FIX: It can be very rewarding having friends and family in an audience to support you. If it makes you nervous to KNOW that they are there - ask them to come and not tell you when they're coming. Practice does make perfect in this case and the best way to learn to deal with this form of stage fright is to experience it over and over again until you get used to it.

#3. Your Imagination
CAUSE: you are about to go onstage and you start to think about your first line, how the scene is supposed to be played out, what you are supposed to do, where you are supposed to go, etc. Your imagination begins to play out a scenario of you missing a line or not being in the right place at the right time, forgetting a line, messing-up another actor, your heart-rate increases, your palms become sweaty, your throat dries out and SUDDENLY you hear your cue and go onstage to perform your scene. This is NOT the mindset you want to start your scene with.
FIX: Learn to control your mind. This is much easier said than done. The very first step is recognizing that you have an over-active imagination.  Meditation and breathing excerises where you focus entirely on your breath are great ways to get yourself "out of your head" and focusing on a simple task. 

#4. Thinking vs. Reacting
CAUSE: you're onstage in the middle of a scene, you're swaying, there are knots in your stomache, you're thinking and focusing on your next line and waiting anxiously for another actor to deliver your cue so you can say it. Waiting for your cue from an actor while thinking about your next line vs. listening to the other character speak is one of the most common causes of an actor freezing onstage.
FIX: Instead of imagining ahead of time what may or may not happen in a scene, try to focus on being present IN the scene. Be aware of your cues (verbal and non-verbal) and learn to go with the flow. If you stumble on a line, bump into furniture, cut another actor off, skip a line - USE IT! Stay in character and use it. A favourite saying of mine is "If the audience doesn't know you messed-up...you didn't."

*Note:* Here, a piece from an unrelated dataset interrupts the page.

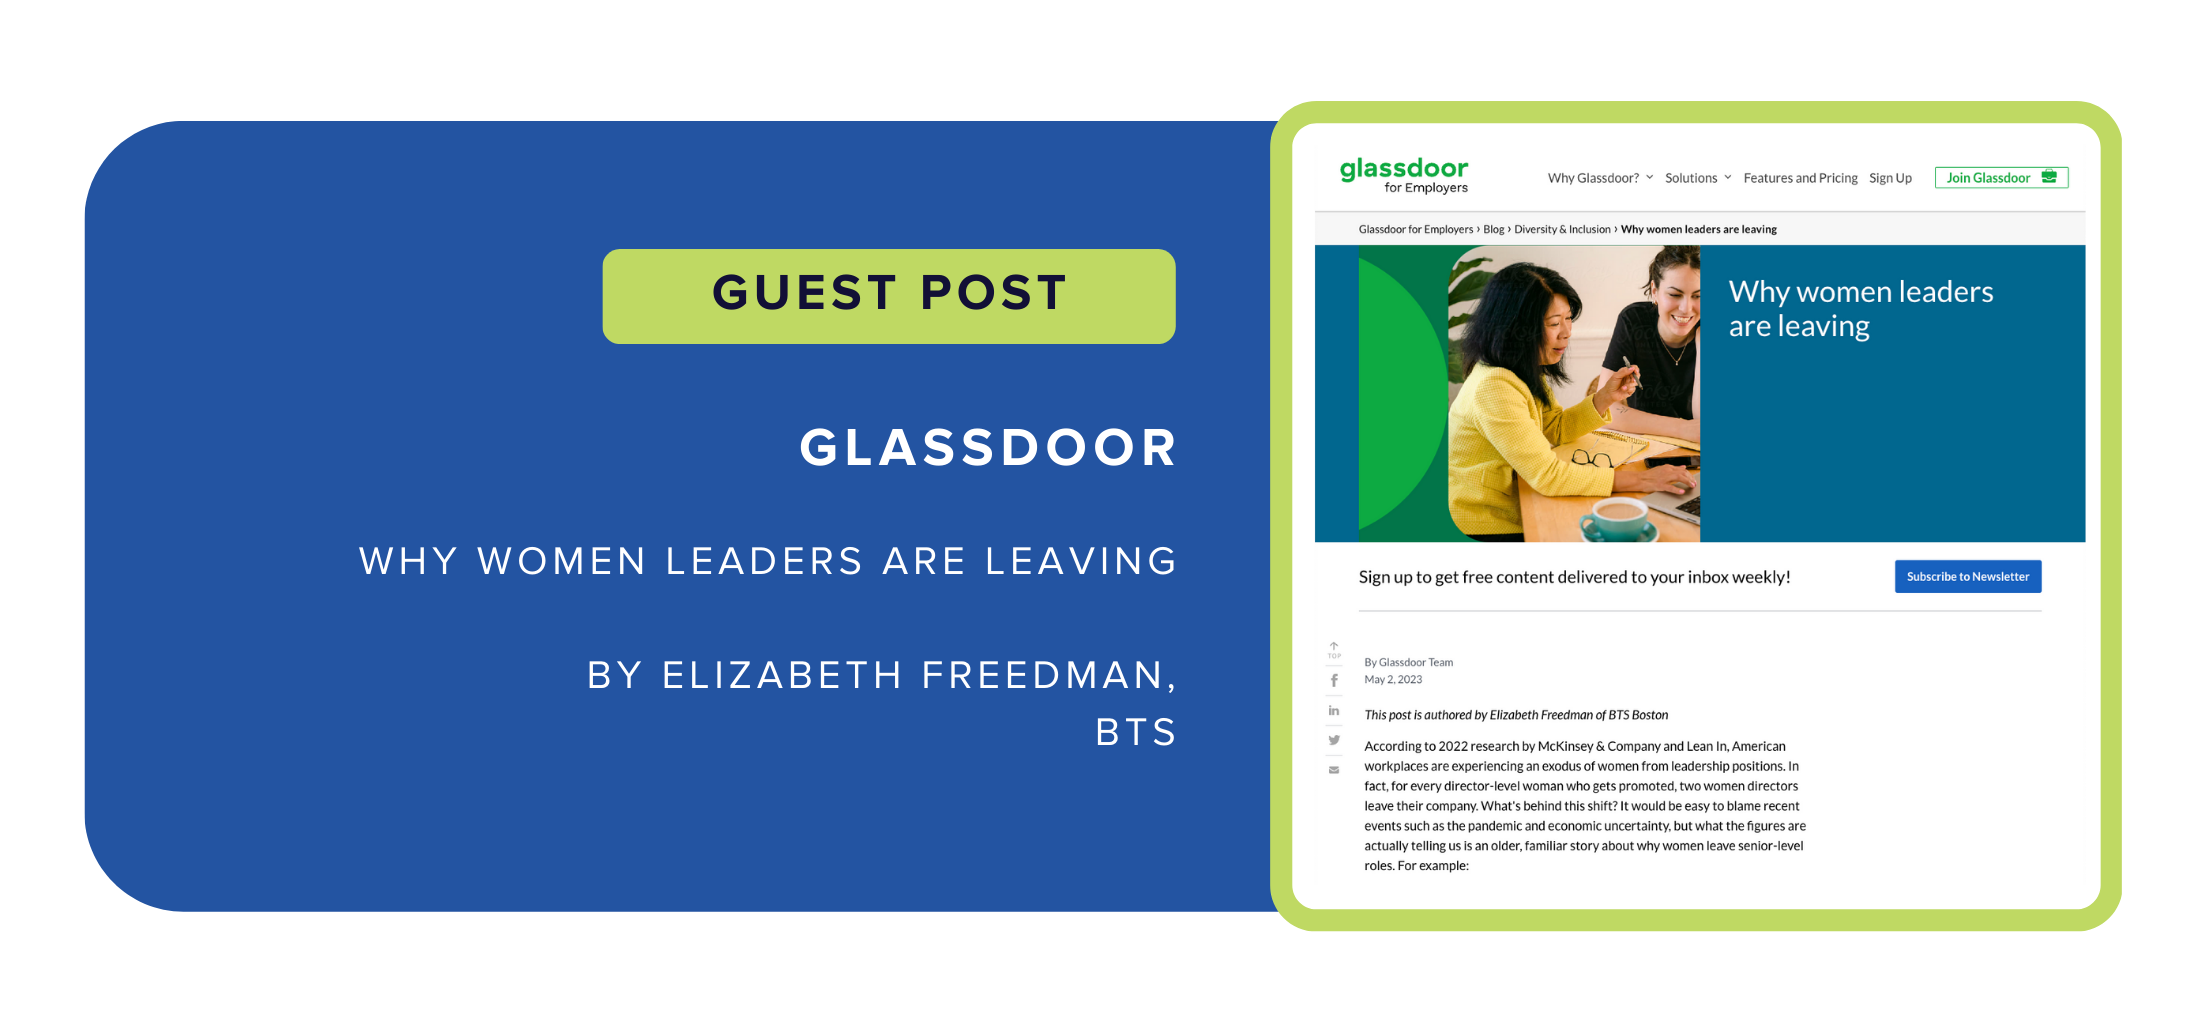 Guest Post in Glassdoor: "Why women leaders are leaving" by Elizabeth Freedman, BTS
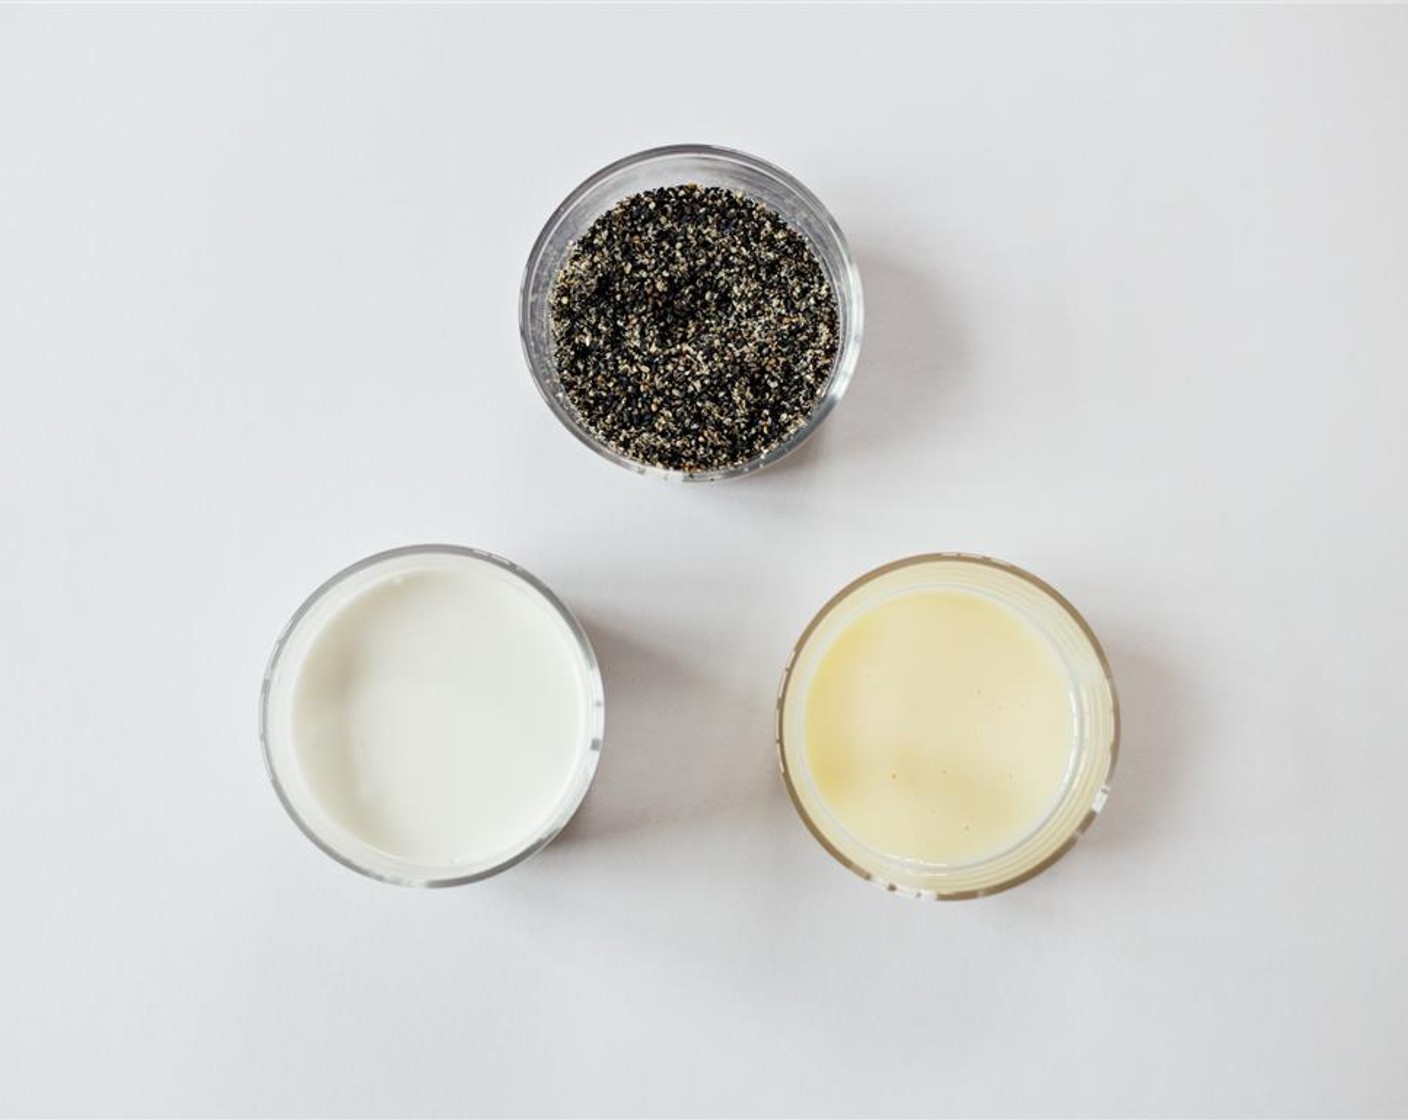 step 1 Grind up the Black Sesame Seeds (1/2 cup) using a blender or food processor.

#5. Thoughts of Being Judged
CAUSE: you're in the middle of a scene or you just delivered your first line and, wouldn't you know it, you stumbled, you lost your voice, your voice cracked, you messed-up a word, you stuttered, etc. Your mind immediately starts thinking about all the people who just watched you mess up and are laughing at you from inside their minds. You begin to sweat, lick your lips, rock on the spot, your heart races and your chest tightens up. What may have happend is that the audience, in fact, didn't realize you messed-up until you started to behave as though you had.
FIX: Stay in Character! Whatever happens (and believe me STUFF HAPPENS!) stay in character. React as your character would. If you stumble, react to your own stumble as your character would. If you bump into a piece of furniture, don't say "Oh sh*$#t" unless your character would do so ;)  People are not watching a group of actors playing on a stage, people are in the mindset of watching an alternate reality of REAL people playing out a REAL situation. Try to keep in mind that the audience is not watching YOU, they are watching your CHARACTER.
~

I will end this post by saying "you are your worst enemy". Know yourself, prepare and get experience.
Feel confident in yourself and all the hard work you have put into a production.
If you don't feel prepared - you prob'ly aren't prepared enough.